Der Reporter hat erfahren, dass die heutigen Einwohner, wenn sie krank werden, nach einer Stunde Autofahrt schon  im Kreiskrankenhaus ankommen können. Nach einer 30-minütigen Autofahrt können sie im Gemeindegesundheitszentrum oder dem Gesundheitszentrum der Einwohnergemeinschaft ankommen.

Ab 2015 hat der Bezirk Ngawa Geldmittel in Höhe von insgesamt 21,222 Millionen Yuan (rund 2,84 Millionen Euro) zusammengebracht und damit 255 Gesundheits- und Rehabilitationsabteilungen unterschiedlicher Ebenen neu gebaut oder renoviert. Überdies haben sie 7575 medizinische Geräte angeschafft und über 3000 Personen der Bereiche Medizin und Rehabilitation ausgebildet.

Im Dorf Jiying der Gemeinde Dawei des Kreises Xiaojin im Bezirk Ngawa hat die Bewohnerin Xinghua YANG bei der Abrechnung nach der stationären Behandlung im Gesundheitszentrum der Gemeinde am 19. April erstaunt entdeckt, dass sie für die einwöchige Behandlung einschließlich Infusion, Arzneien usw. nur gut 100 Yuan (rund 13,30 Euro) zahlen muss.

“Dieses Jahr haben wir den Anteil der Rückerstattungen wiederum angepasst. Wenn letztes Jahr 70 bis 80 % der Kosten zurückerstattet wurden, dann werden dieses Jahr über 90 % zurückerstattet. Dadurch hat die Bevölkerung weniger finanziellen Druck beim Arztbesuch”, sagte Qiu YANG, Krankenschwester des Gesundheitszentrums.

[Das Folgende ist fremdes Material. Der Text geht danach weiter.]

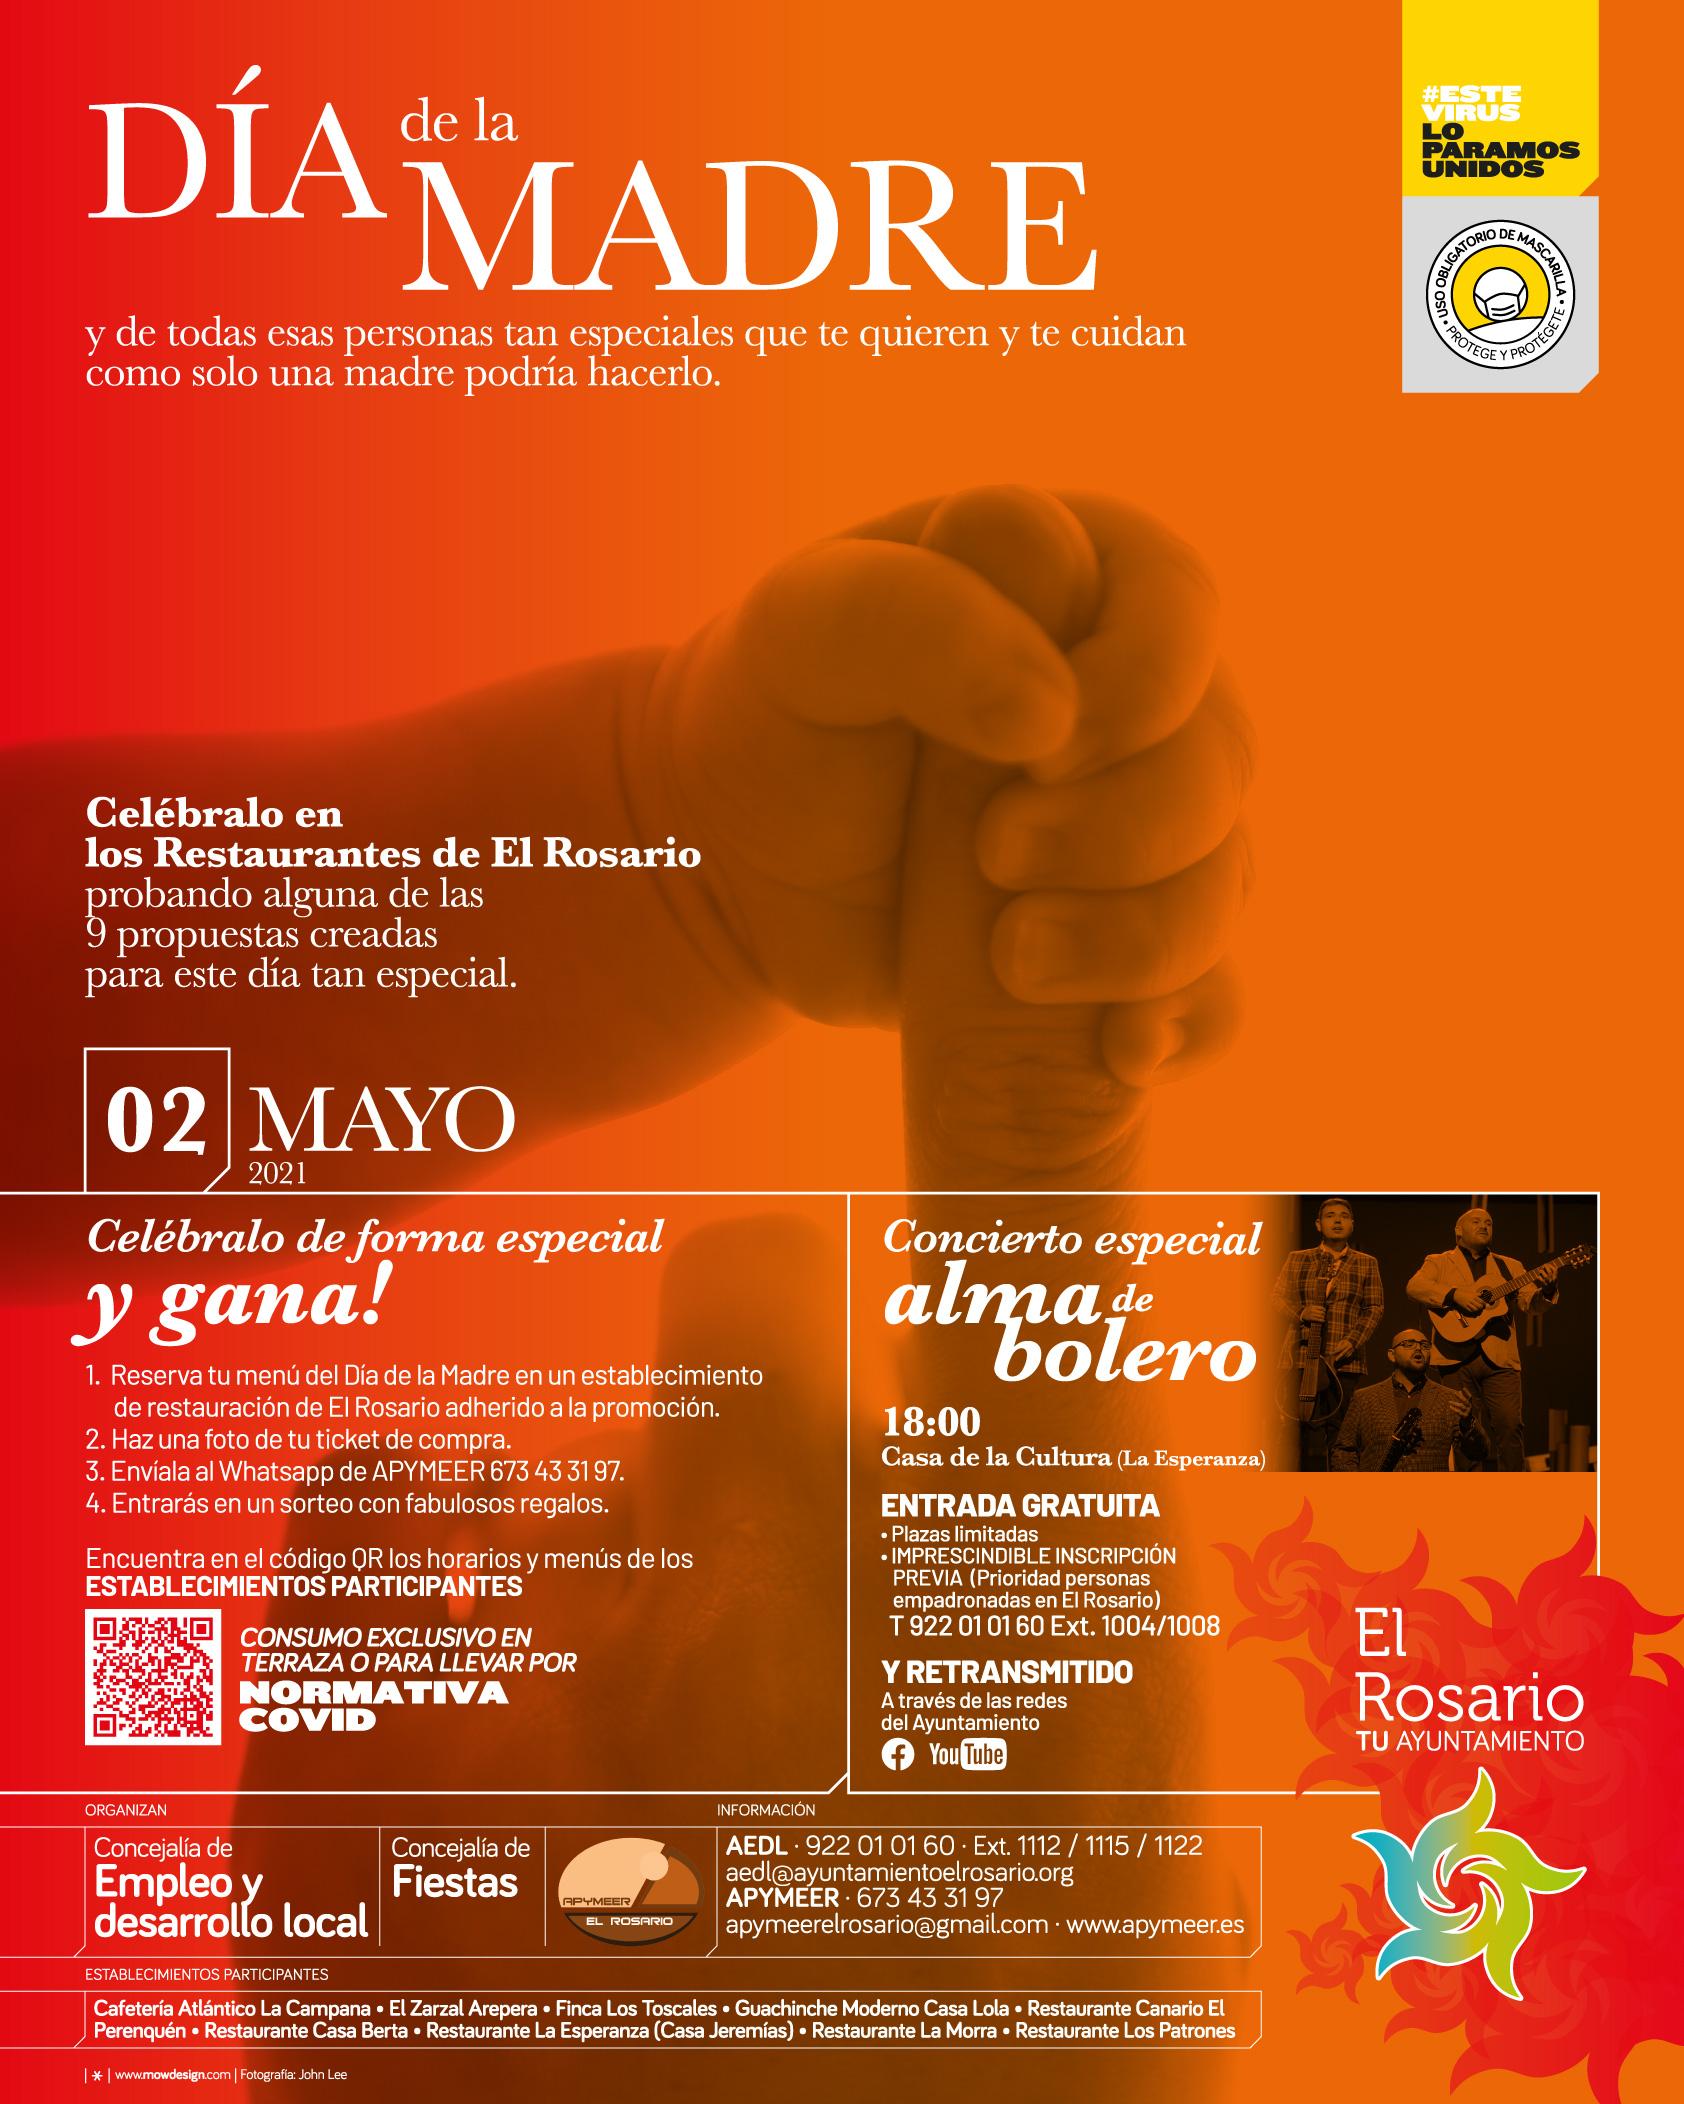 DIA_DE_LA_MADRE-20210502-CARTEL_A3-20210426-02af-redes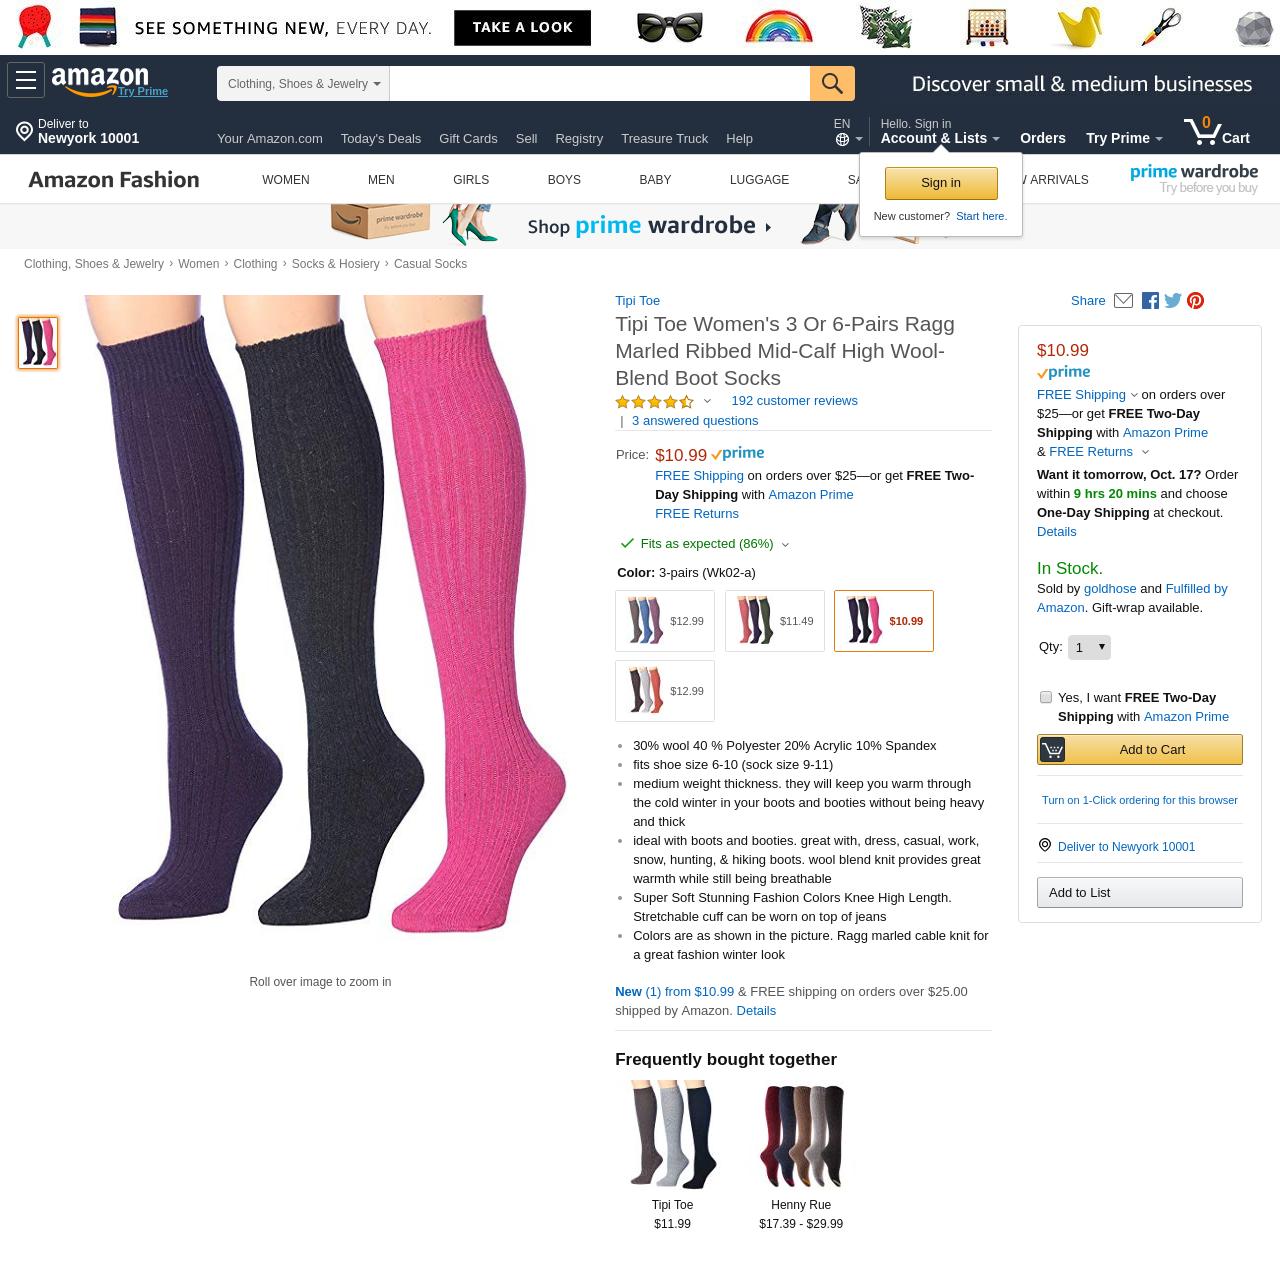 3f53cdfe3b5 Are.na   Tipi Toe Women s 3-Pairs Ragg Marled Argyle Knee High Wool-Blend  Boot Socks

Xinghua YANG, die vor 20 Jahren hierher geheiratet hat, hat die Veränderungen der hiesigen medizinischen Bedingungen miterlebt. “Früher mussten wir, die in Nomadengebieten wohnen, im Großen und Ganzen zu Fuß gehen oder reiten, wenn wir zum Arzt gingen. Unterwegs mussten wir viel Zeit investieren und das war gefährlich bei akuten Krankheiten. Nun sind die Verkehrsanbindungen verbessert und von meinem Zuhause bis zum Gesundheitszentrum der Gemeinde braucht man nur etwas mehr als 10 Minuten.

Alle Bemühungen dienen nur einem Ziel: die breite nomadische Bevölkerung kann binnen kürzester Zeit einen Arzt aufsuchen.